I agree, that's a legitimate question and I don't know the answer either yet.
@olifre, either way, I'd love for dockerhub2oci
to be relicensed to Apache 2 (or BSD/MIT/other compatible license). Even if we didn't incorporate the code, I'd love to be able to read it.
@vsoch Nice writeup! Yes, indeed, I also believe there is a strong need for such a tool. My main reason for the decision to do something in pure bash with a few external helpers was to have something very lightweight, without any dedicated scripting language, that even very security-oriented admins may run on e.g. their CVMFS server machine (which is actually what I'd like to use it for myself one day). So my reasoning to start with that was mainly lack of time for something larger, and an existing need ;-). Of course, to really support the several APIs including authentication for private registries, multi-architecture containers and things like this, a high level language might be more appropriate, I agree.
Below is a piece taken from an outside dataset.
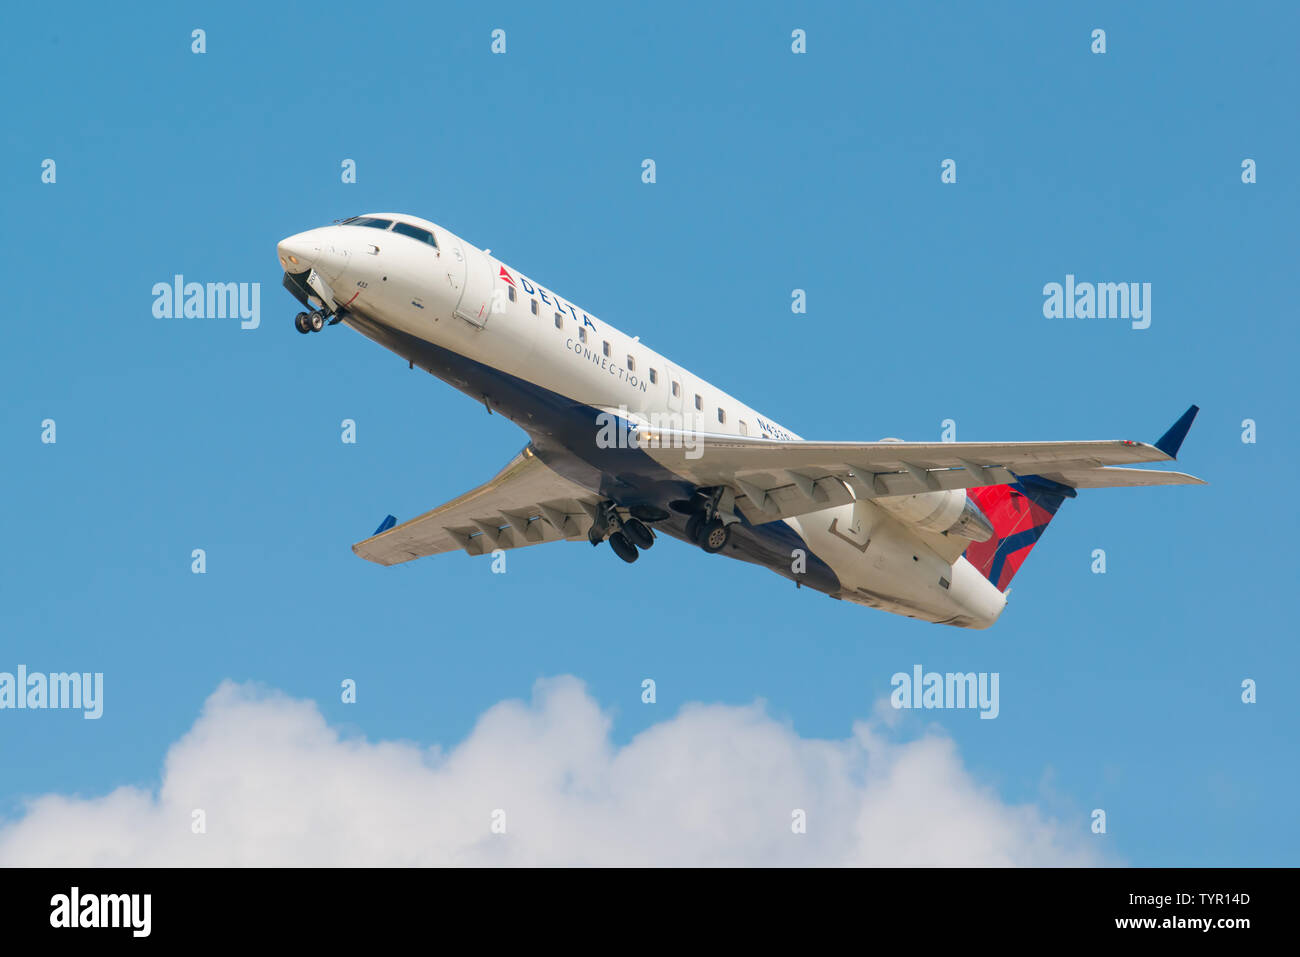 MINNEAPOLIS, Minnesota/USA - 25. JUNI 2019: Nahaufnahme von Flugzeug Flugzeug Abflüge weg von der MSP-Minneapolis/St. Paul Airport Stockfoto
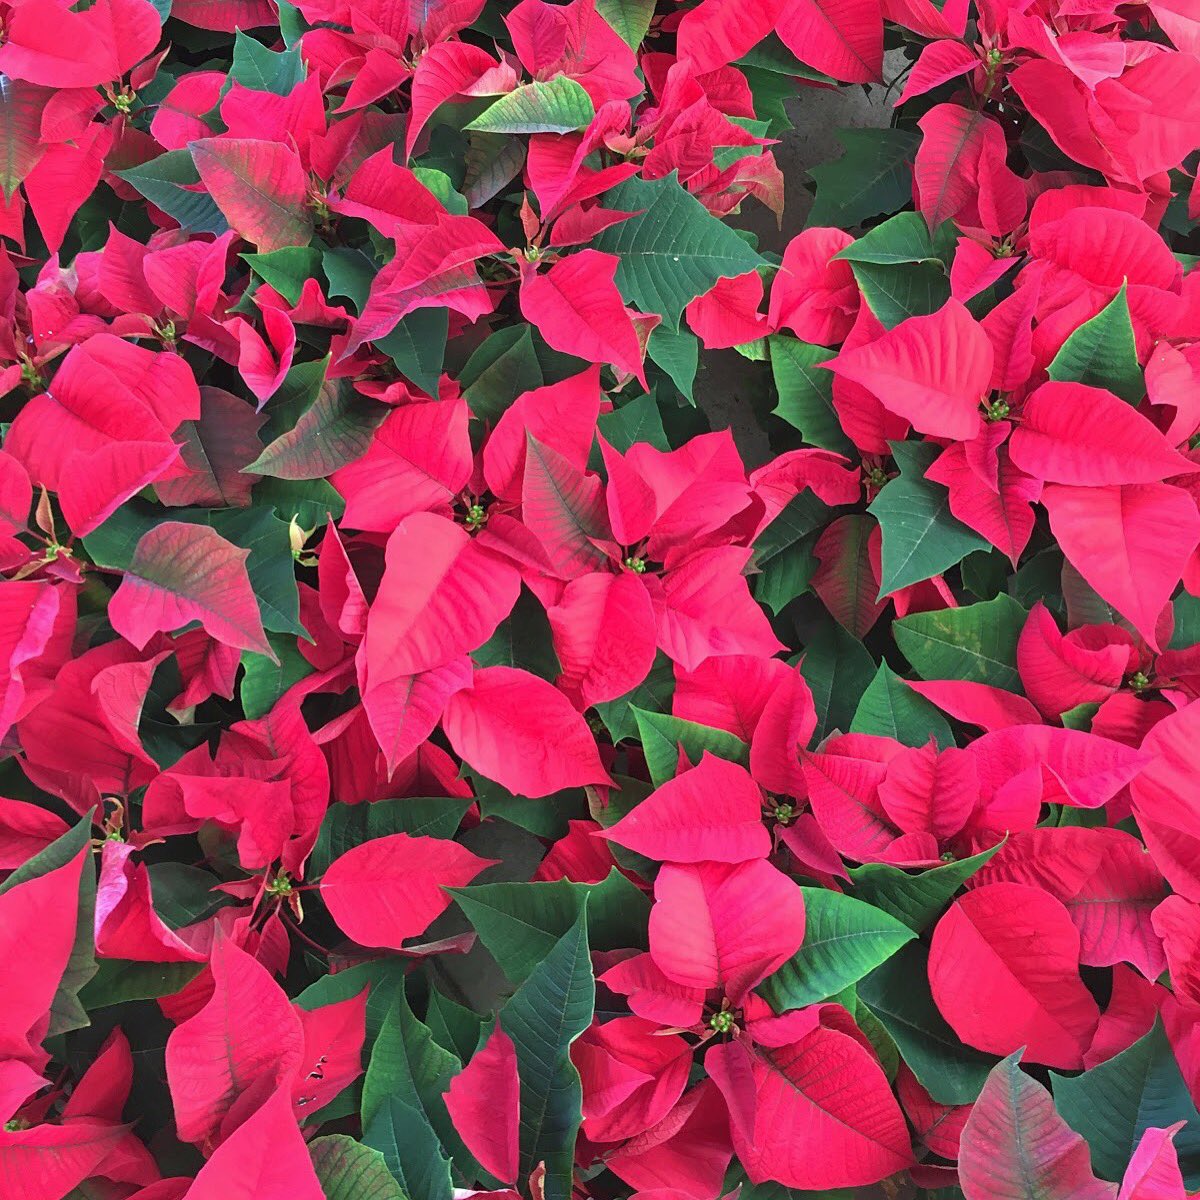 No flower says Christmas like a #poinsettia ❤️???????? https://t.co/Bjnc0ztqsv

@reidpr I have asked my only contributor in the linked issue whether he would be fine with a relicensing to Apache 2.0, in case he accepts, I will change the license (and try my best to also convince github to show this license, never tried that up to now).
@olifre: Great, thanks.
FWIW, Charliecloud's Apache license does not show, but it sure seems like it should (#122).
hey did you guys see https://github.com/jessfraz/img from @jessfraz? And human documentation is here. It's a daemon-less OCI compliant builder and it seems to address much of what we are talking about here (but I haven't tried!).
@reidpr dockerhub2oci
(at https://github.com/olifre/dockerhub2oci ) is now relicensed to Apache 2.0 after all contributors (me and another one) agreed.
Also, I managed to convince GitHub of the change by first deleting the old license in a commit, and then using their web interface ( https://help.github.com/articles/adding-a-license-to-a-repository/ ) to add the new license file, afterwards squashing the commits together.
However, looking at the project pointed out by @vsoch , this looks far more advanced than my efforts!
I missed that in my research beginning of January 2018, likely since it was almost non-existent at that point in time. However, right now, it seems this project indeed addresses most of the points addressed here, and it's under the MIT license.
I believe my dockerhub2oci
is still a valid approach for a small, almost-no-dependencies tool to pull docker containers, but for anything more advanced, https://github.com/jessfraz/img appears to be the better choice. I also did not test it yet, though.
@olifre this is great news, and there is no reason to drop your work because other base exists. There are many google (oops, freudian slip?) examples of an "underdog" turning out to be very important. I will continue to support your effort.
Update: We're now using skopeo and umoci to pull images. The obvious scripts (e.g., ch-pull2dir
) haven't been updated yet, but ch-grow
, which is written in Python 3, uses them.
If the latter becomes a long-term thing (currently it's still experimental), it would be nice to use Python libraries rather than calling out to executables, if they work well enough.
I heard a rumor that one can pull an image from Docker Hub directly with REST calls, without needing Docker installed. Investigate.